[TASK STATEMENT]: The task calls for the line containing "Blumenkohl, Brokkoli und" and all later lines, through the end of the entries below, to be set down exactly and without pictures.

[RECORDS FOR THE TASK]:
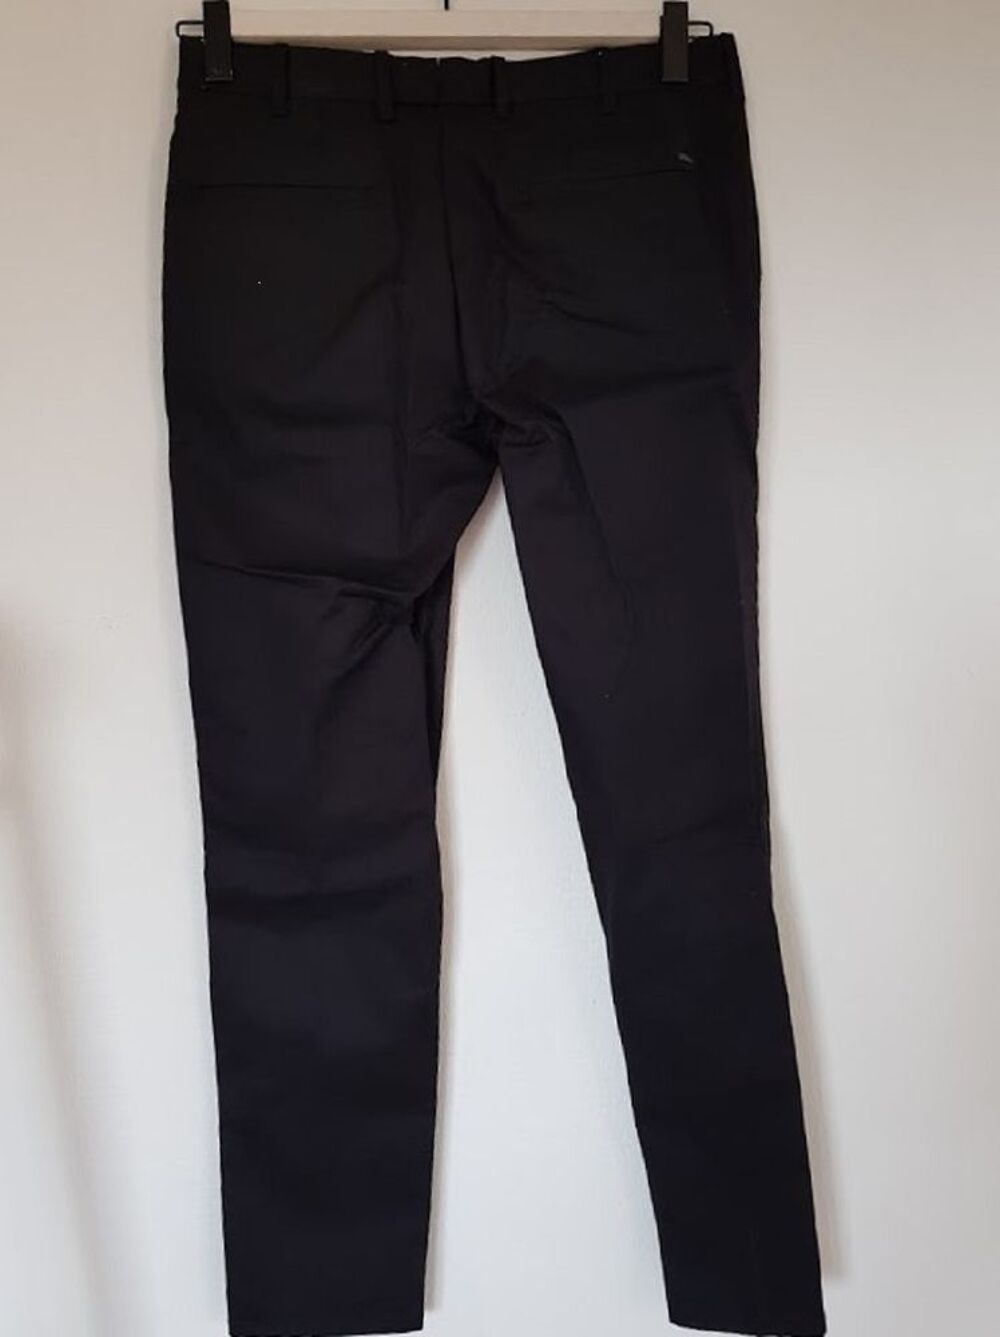 Pantalon noir slim fit, neuf, coton &eacute;cologique
Vtements
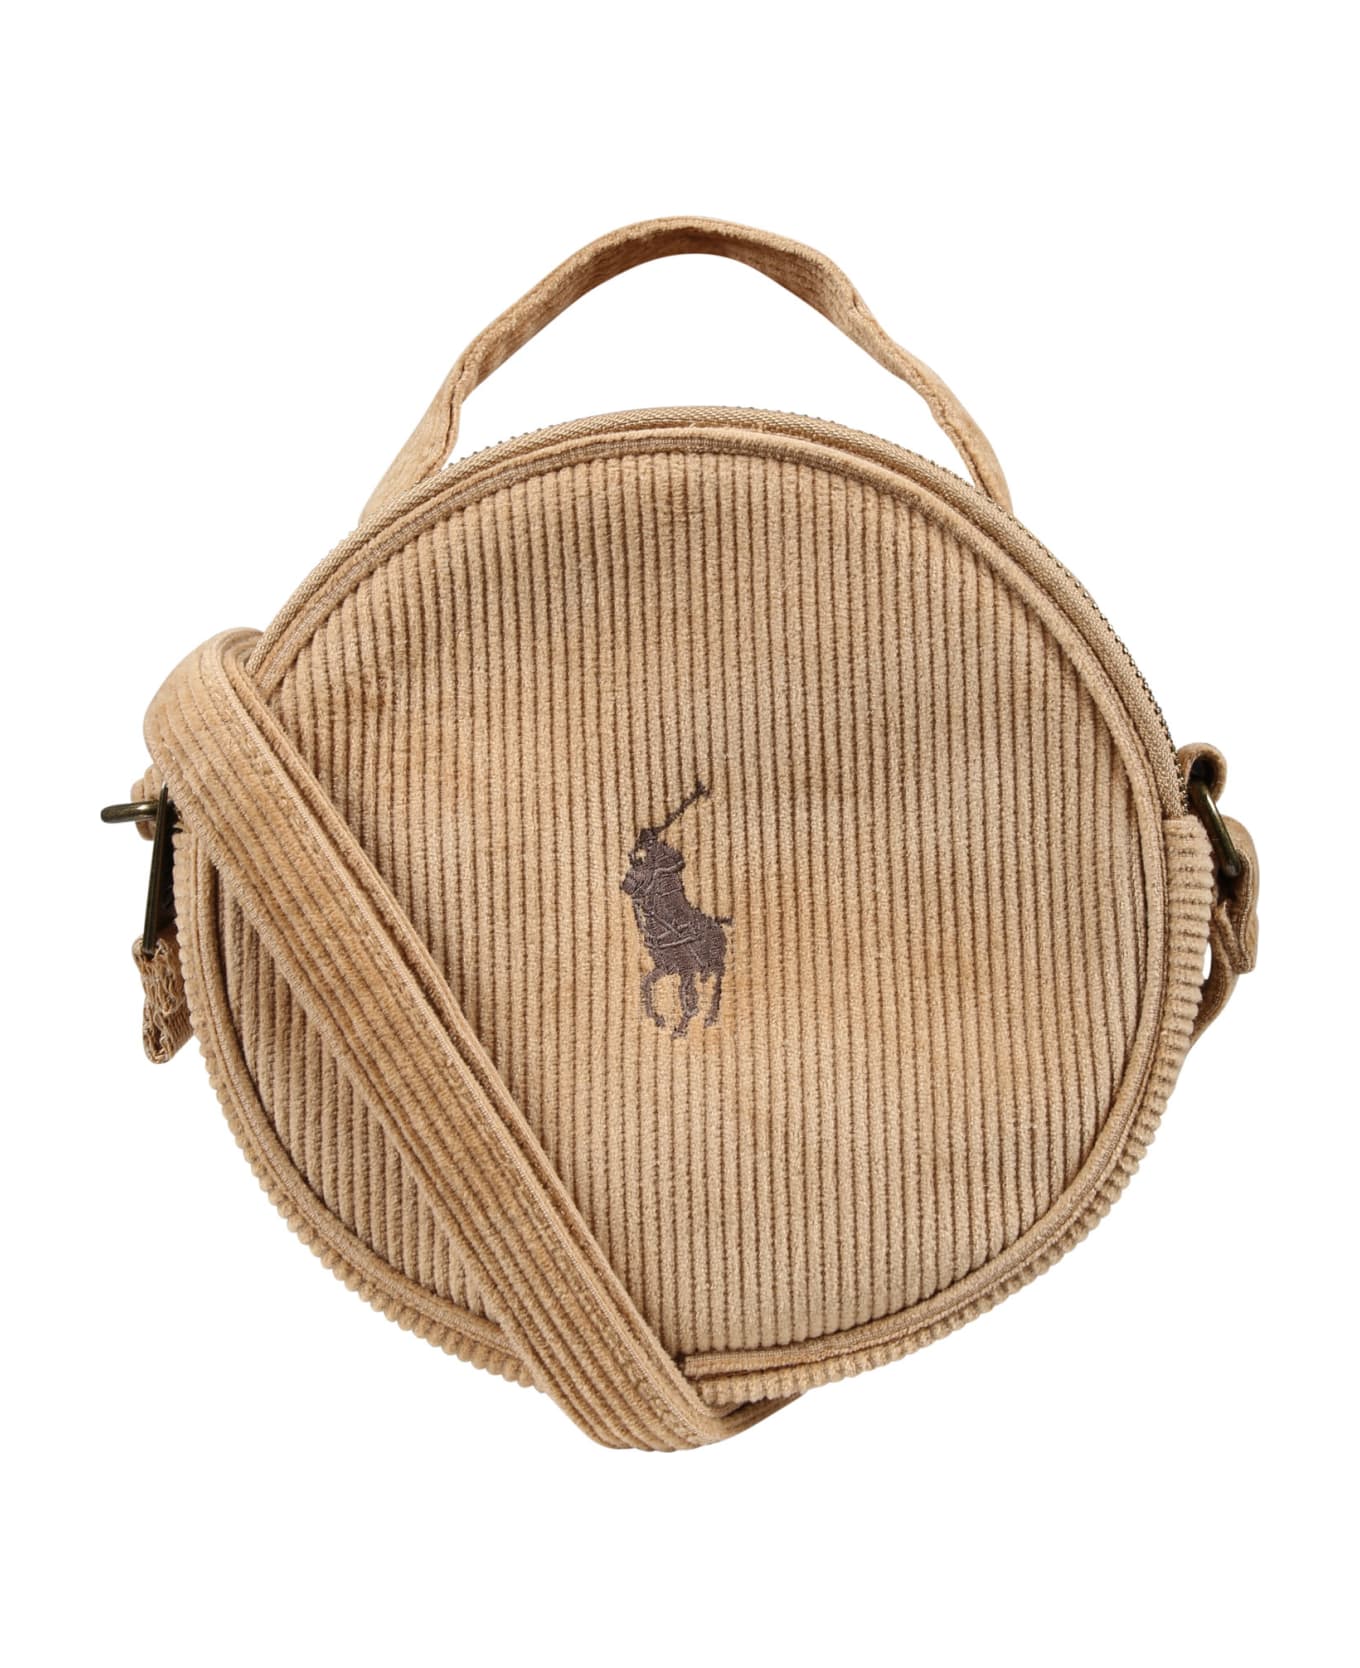 Ralph Lauren Beige Bag For Girl With Logo - Beige
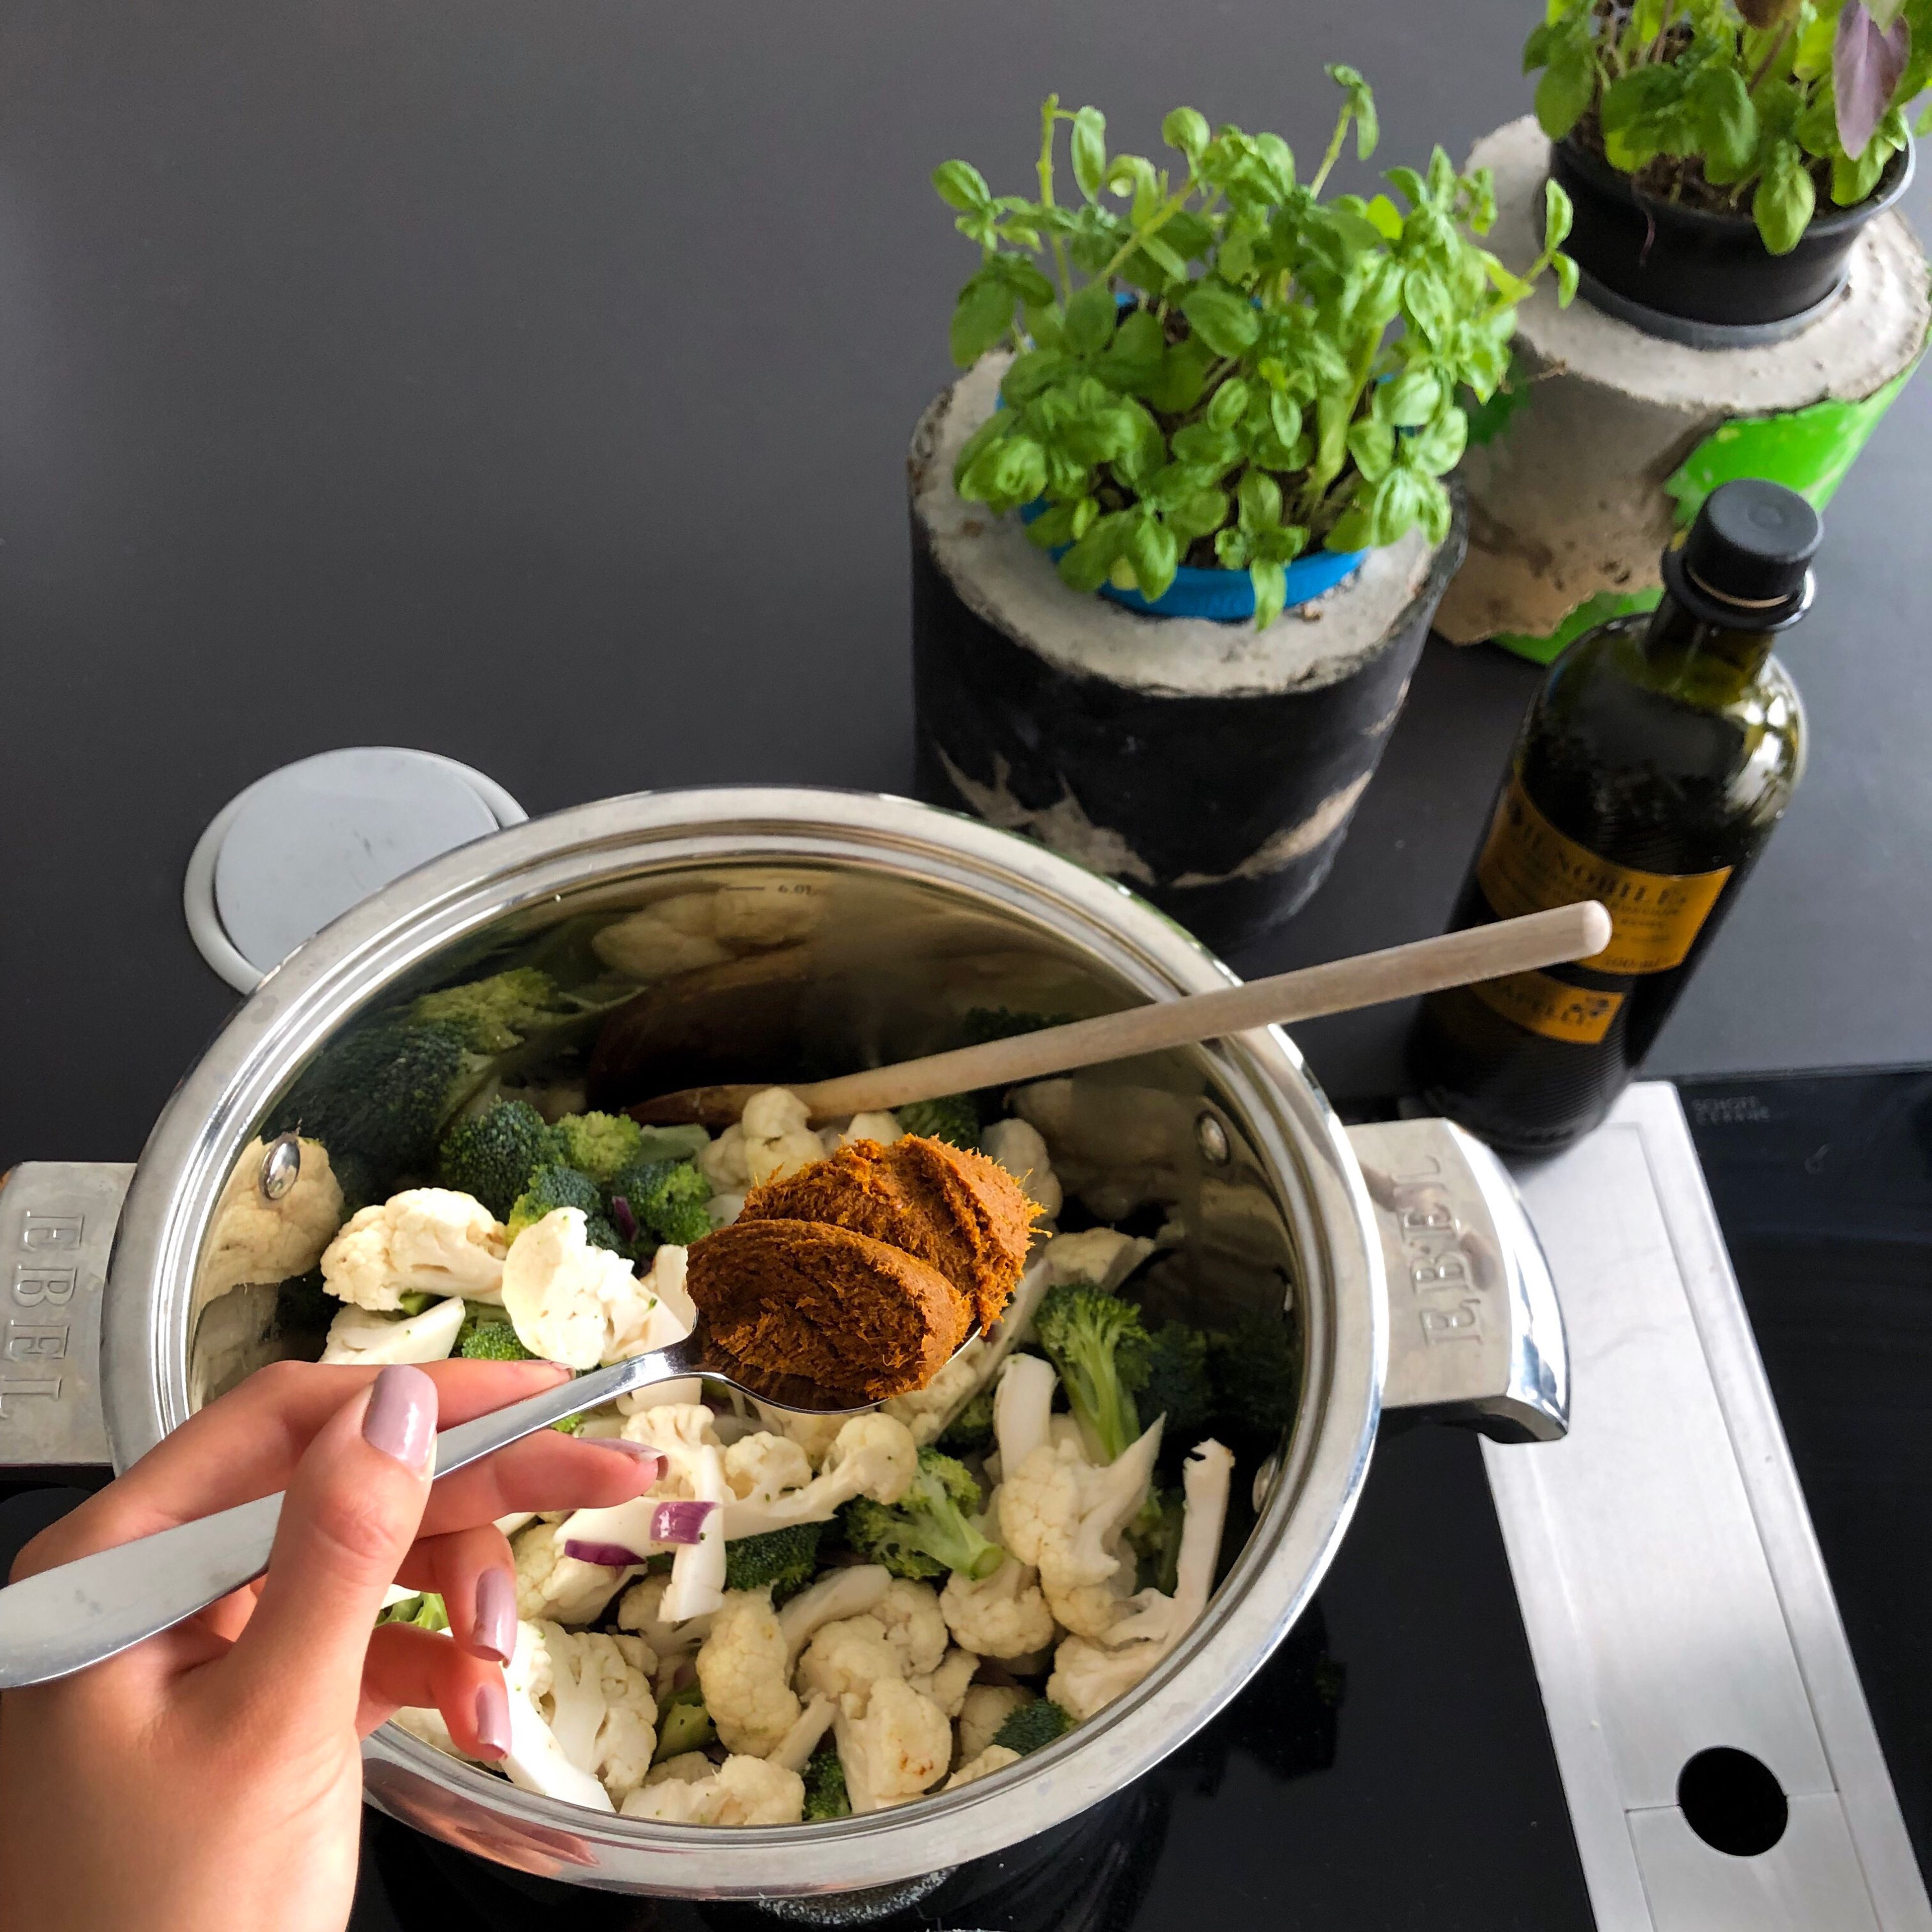 Blumenkohl, Brokkoli und Currypaste zu den Zwiebeln hinzufügen und für ca 5 Minuten mit dünsten. Je nach gewünschter Schärfe kann man zwischen roter und gelber Currypaste wählen.
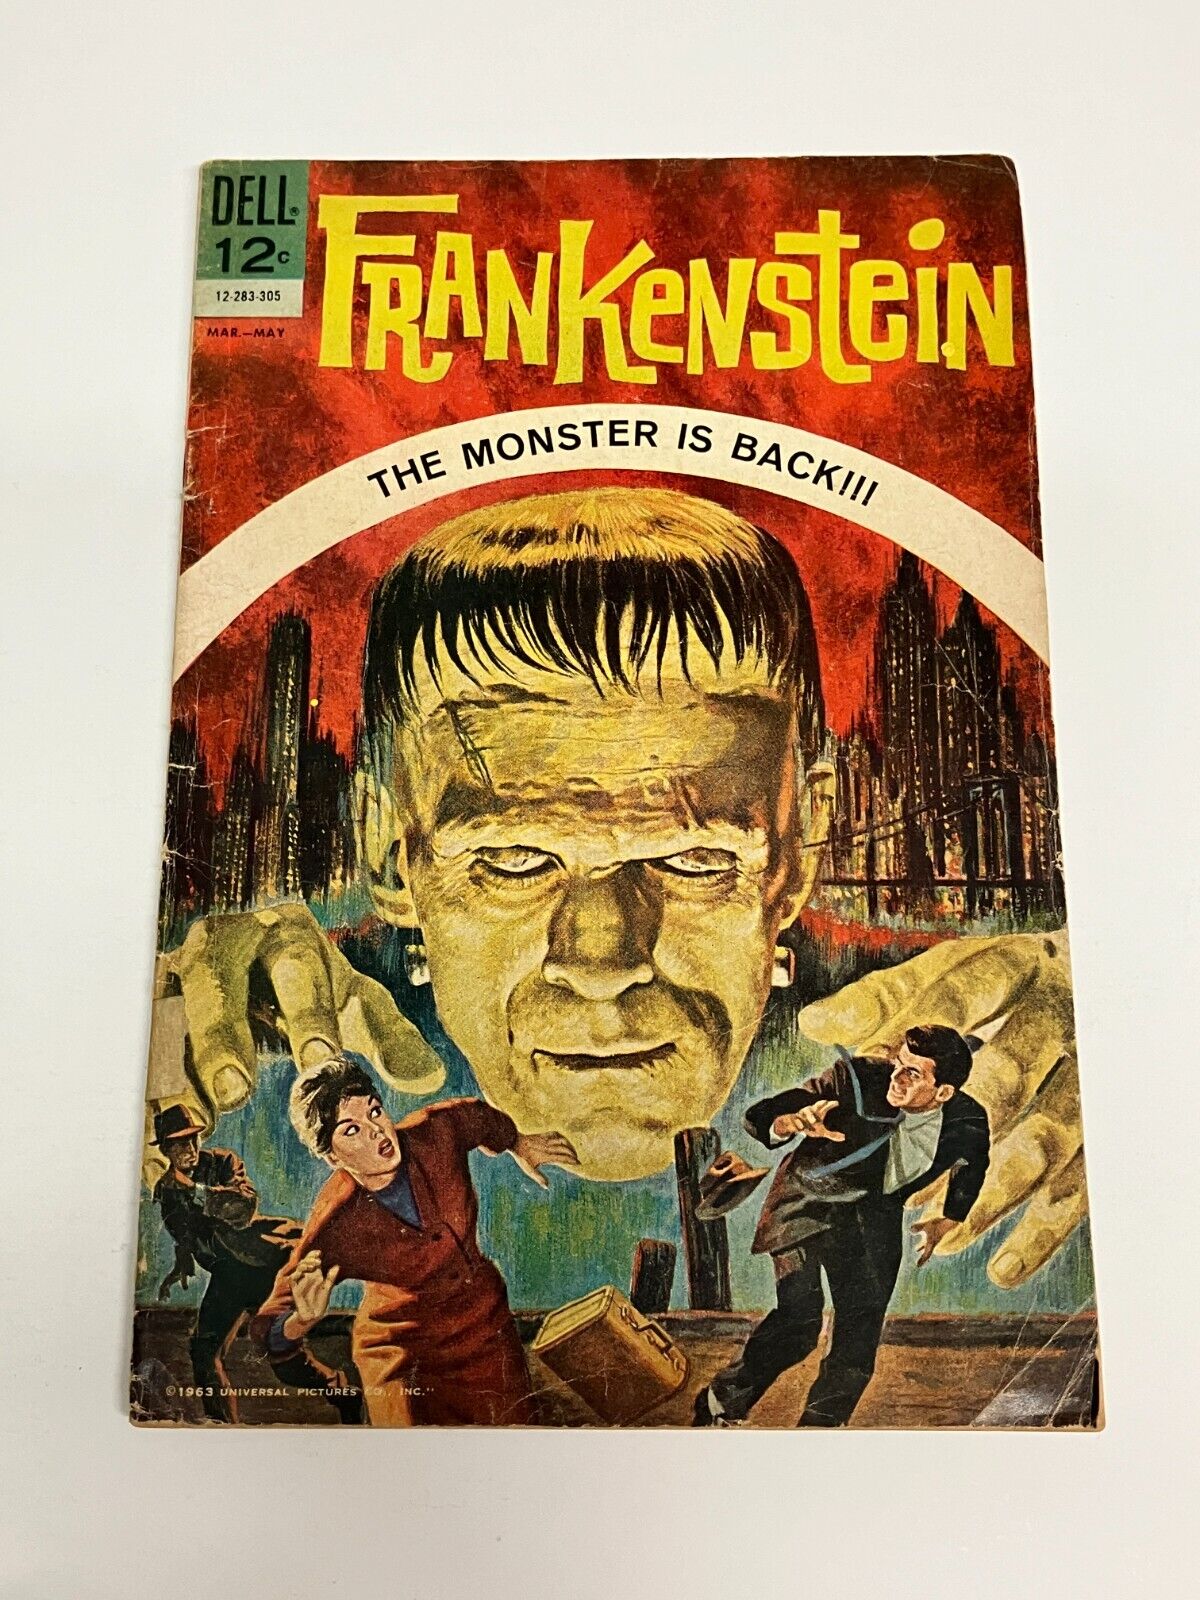 FRANKENSTEIN #1 (DELL Comics, 1963) The Monster is Back

[ANSWER BOX]:
 Blumenkohl, Brokkoli und Currypaste zu den Zwiebeln hinzufügen und für ca 5 Minuten mit dünsten. Je nach gewünschter Schärfe kann man zwischen roter und gelber Currypaste wählen.
 FRANKENSTEIN #1 (DELL Comics, 1963) The Monster is Back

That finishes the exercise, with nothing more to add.